The Sustainable Development Goals (SDGs), which comprise seventeen targets for the years 2015–2030, took the place of the eight Millennium Development Goals (MDGs) in September 2015 ¹. The Food and Agriculture Organization presented five principles for achieving sustainable development in the agricultural and food sectors². Among these goals is the role of smallholder farmers in the sustainability of agriculture¹. So, natural resource preservation and easier access are critical components of our efforts to guarantee the agriculture sector’s sustainability.
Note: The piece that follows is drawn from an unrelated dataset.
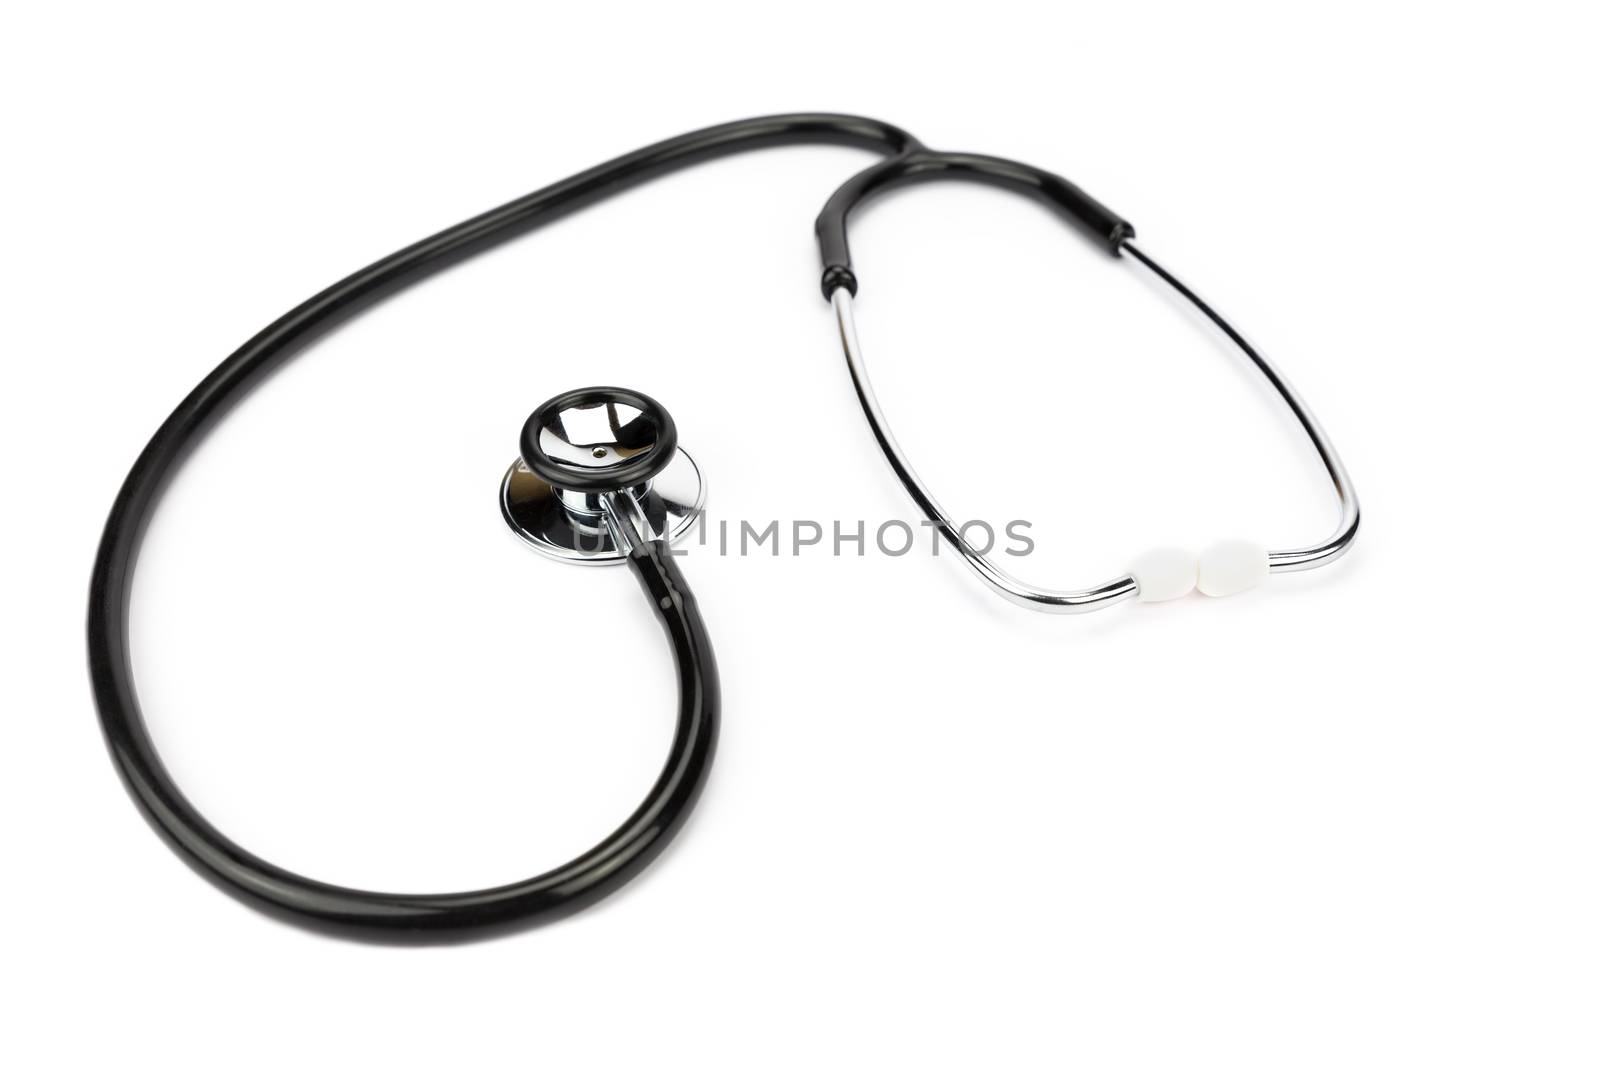 Black professional stethoscope lying isolated on white background
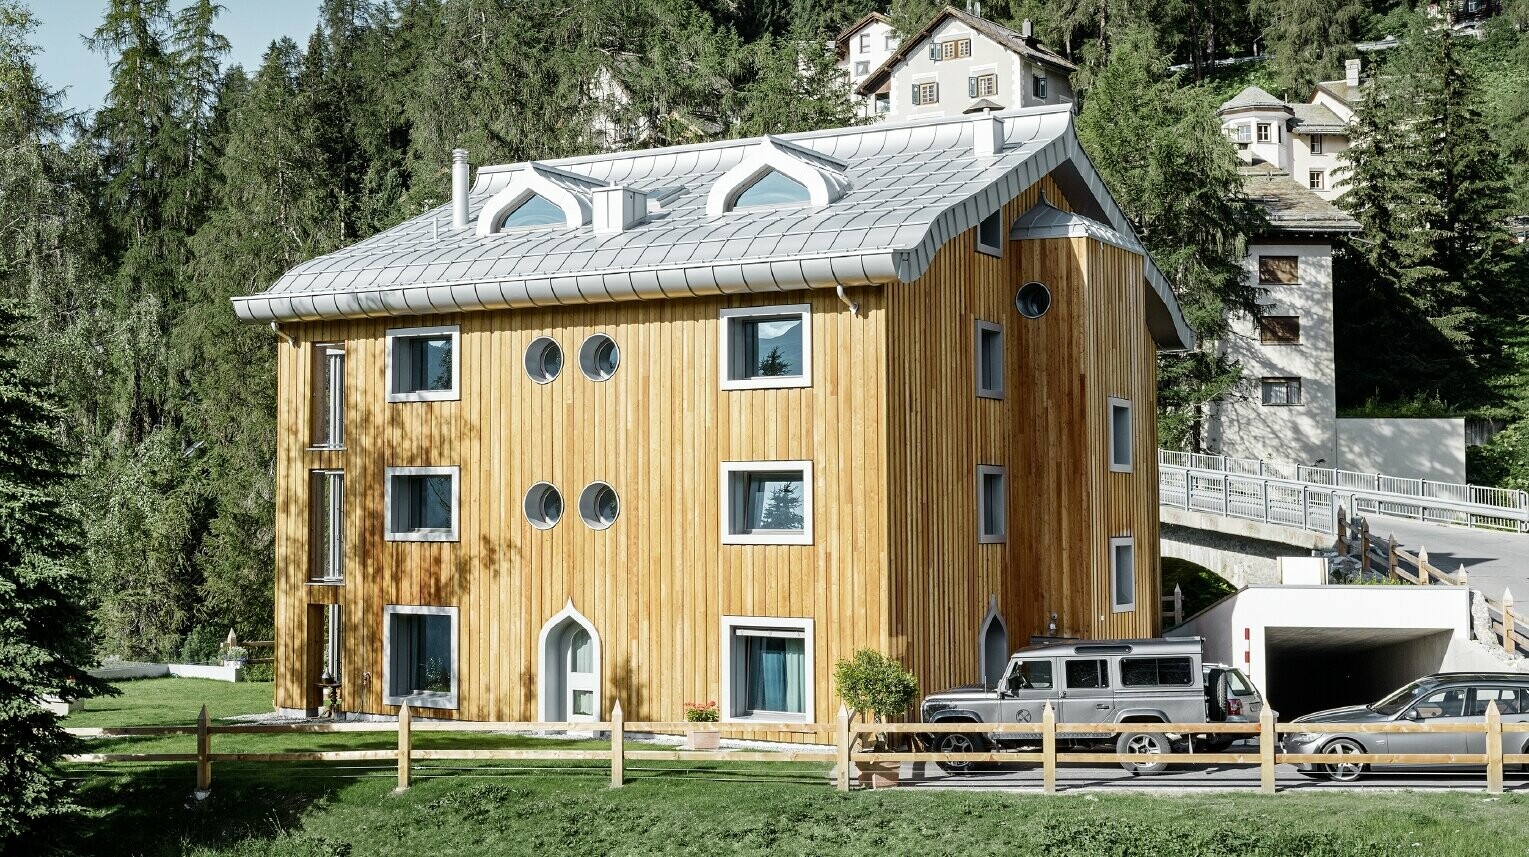 Bostadsbyggnad i St. Moritz med träfasad och aluminiumtak med svängda takskenor i silvermetallic

According to the World Commission on Development and Environment, it’s also essential to fulfill the demands of future generations³. A substantial emphasis on agricultural mechanization is necessary to increase the productivity and efficiency of agricultural industry activities^4,5. Mechanizing agriculture can also increase output and reduce crop losses⁶. , cut back on emissions of greenhouse gases⁷and lower manufacturing expenses^8,9. The labor shortage is also a driver for using agricultural mechanization¹⁰. According to some academics, mechanization alternatives lead to advances in labor, land productivity, and environmental impact¹¹. The key to attaining sustainability in the agriculture industry is helping smallholder farmers select the right automation to maximize their financial and technological gains¹². Therefore, choosing appropriate mechanization, especially for tractor purchase or rental, is critical for small farms^13,14, increasing revenues and land productivity¹⁵. The agricultural tractors are considered the primary source of mechanical power for operating agricultural mechanization at different farm sizes^16,17.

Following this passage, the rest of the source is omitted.